I've had two purebred dogs, a reputably bred French Bulldog and a BYB Keeshond purchased by my parents when I had no say in the matter, and various rescue muttly-mutts. I'm not disputing other's stories, but I have yet to get ANY guilt trips about buying from a breeder. People offhandedly mentioned that I could've adopted, but when I explained my reasoning (loved the breed, tons of possible health issues, needed something guaranteed to meet size restrictions, etc) it satisfied them. On the other hand I am consistently dealing with snobbish judgmental attitudes from those with specific breeds (whether reputably purchased or not) about the unsuitability/questionable nature of rescues in general. 

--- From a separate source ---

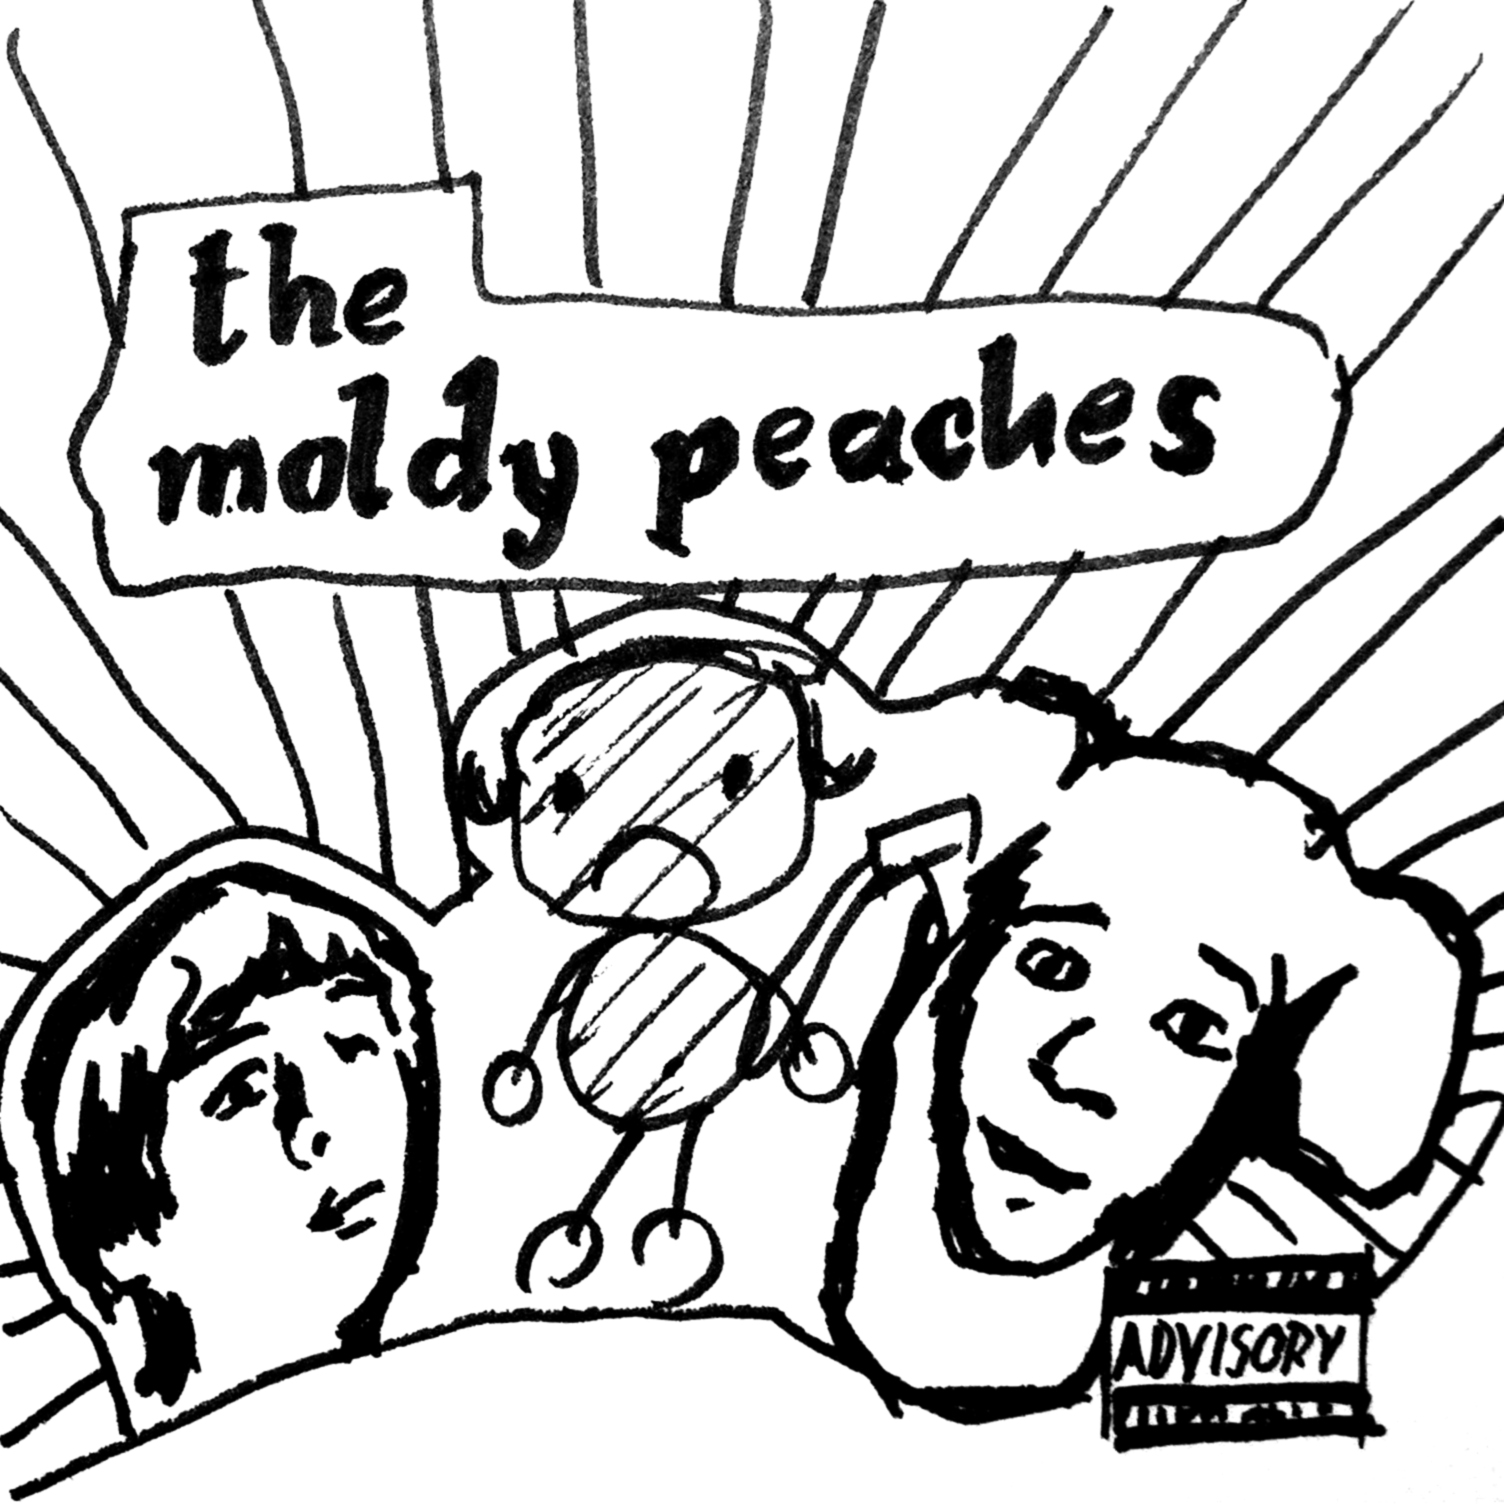 http://lofifuzz.files.wordpress.com/2012/11/the-moldy-peaches-cover.jpg

For instance, I belong to a training club where the majority of members are heavily involved in the dog world, sport, conformation and work, and by and large my mutts are regarded as "less"...in fact I am one of the few members who has mostly mutts. Many times I've been told that "when I get more serious into competition I'll pick a breed" and it is readily apparent that the dogs I bring to any level of class have lower expectations put upon them by those with "real" dogs. Not only that I cannot tell you how many times people have interacted with my well-behaved mutts and still insisted that rescues are always questionable and really hit or miss. I've met tons of dogs and have yet to see more "soundness" in purebreds vs rescues. 

I'm not sharing this to condemn those with breeds that they love, just to point out to those railing against "rescue people" that JUST AS MANY elitist/breedist people exist on the other end of the spectrum. Personally, I just cannot understand getting bent out of shape based on what other people do, say or think. Seriously, who the heck cares if some rescue nut job wants to lay a guilt trip on you about buying? Smile, nod your head, turn around and forget about them. Heck, I train with people who think less of my dogs because they are rescues and still don't let it bother me because it literally has ZERO impact on me and mine when I step out of class. To get bent over a freaking bumper sticker, etc speaks more to your own personal issues than anything about "breeder vs rescue."


----------



## aiw (Jun 16, 2012)

TheOtherCorgi said:


> How many people drive around with an "I LOVE MY BREEDER DOG" bumper sticker? Because that's what alot of people who rescue do...it's how they define themselves. At least they've done this one good deed. It doesn't matter what attributes the dog has as long as it came from a rescue.


Yeah, how dare people be proud of their dog and their good deed. They saved a life and have an animal they love, what's not to be proud of? Most people here seem to believe getting a rescue pup means likely dealing with health and behavioural issues, but they _shouldn't_ be proud of putting that extra work to save their dog? I could have saved myself a lot of money, time and heartache by just getting a puppy, but I wanted to do a good deed so I got a rescue pup and stuck it out through some pretty serious behavioural problems. Its definitely paid off and we're both much better off for the match. I'm far from the only one on this board who's done that. Why shouldn't we be proud of the sacrifice we made to better another being's life and the fantastic progress they've made?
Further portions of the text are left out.